The authors are grateful to Mourad Bouhadjar, Gaël Fourré, and Franck Blindauer, radiology technicians at the IHU Surgical Institute, for their valuable assistance in performing experimental procedures. The authors would also like to thank Nicolas Morin, animal care technician, and Rodrigo Carraro, senior veterinarian, for the careful follow-up of experimental subjects. Finally, the authors would like to acknowledge Christopher Burel, medical English reviewer, for his valuable help in proofreading the manuscript. This study was funded through internal resources originating from the IHU-Strasbourg Minimally Invasive Image-Guided Surgical Institute “Feasibility Study Research Grant” and received no corporate input.

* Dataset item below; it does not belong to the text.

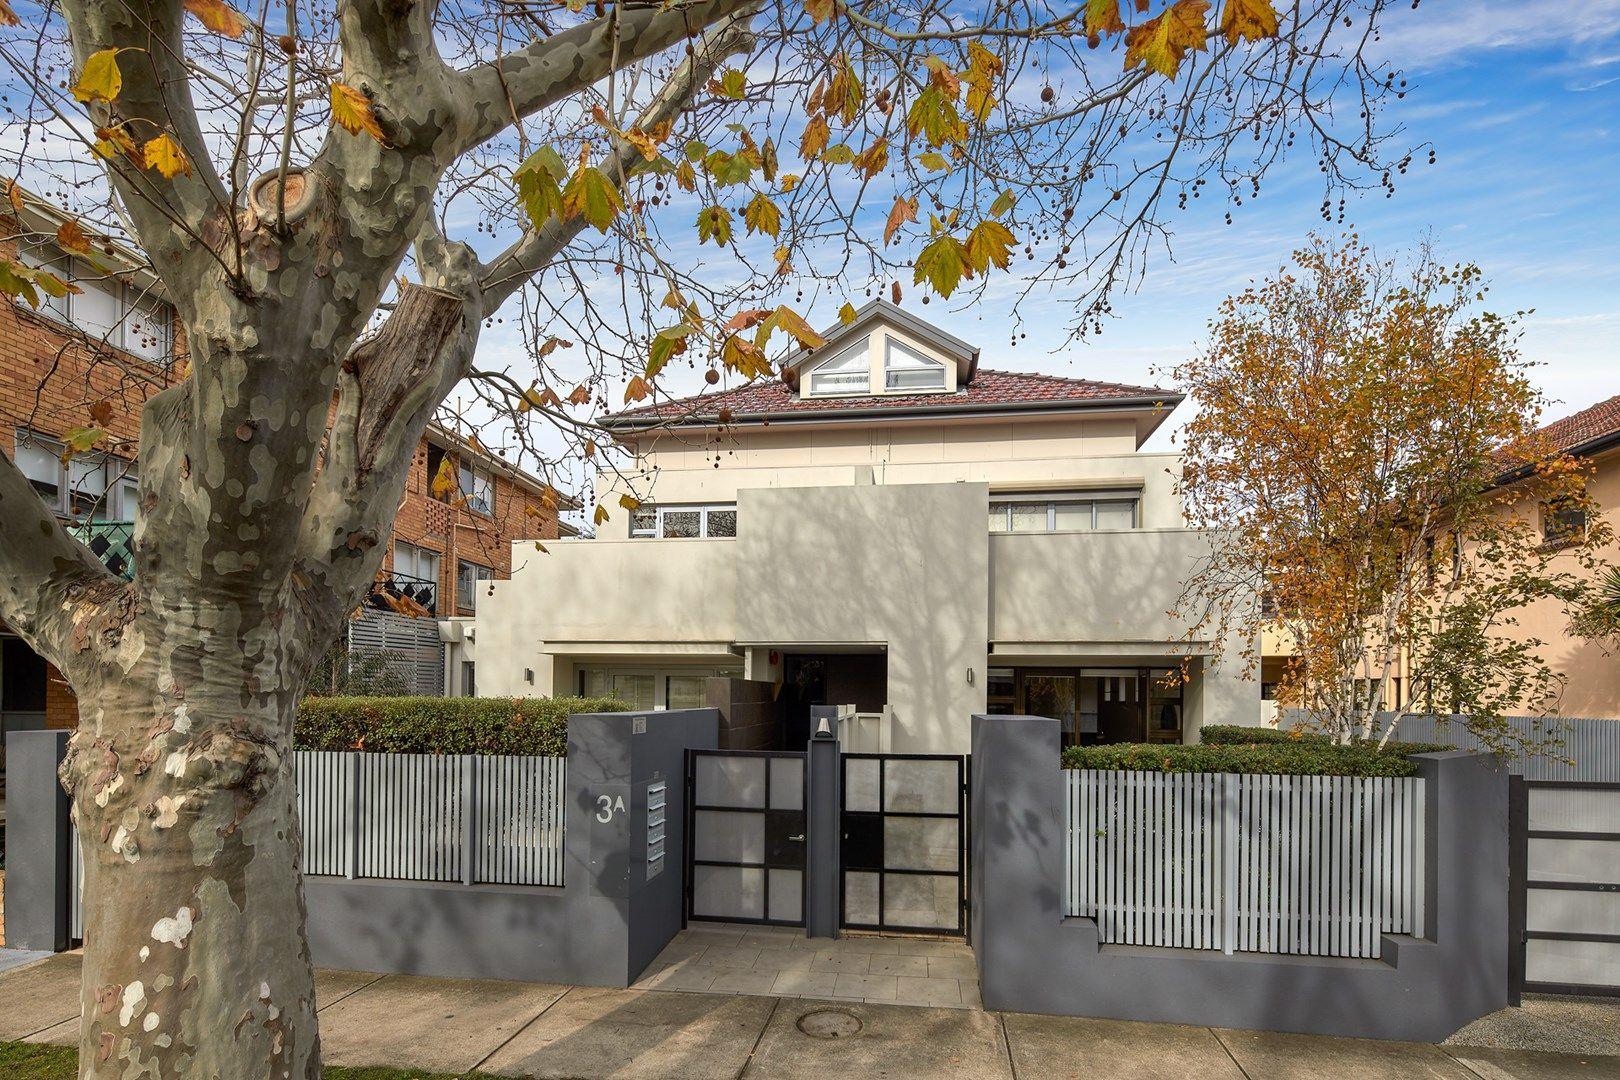 2/3A Wimbledon Avenue, Elwood VIC 3184, Image 1

Coils used in this study were kindly provided by Penumbra, Inc., which was not involved in the study design or data acquisition.

Conflict of Interest

Michele Diana, Raoul Pop, Rémy Beaujeux, Bernard Dallemagne, Peter Halvax, Isabel Schlagowski, Yu-Yin Liu, Pierre Diemunsch, Bernard Geny, Veronique Lindner, and Jacques Marescaux have no conflicts of interest.

Animal Rights Statement

All applicable institutional and national guidelines for the care and use of animals were followed.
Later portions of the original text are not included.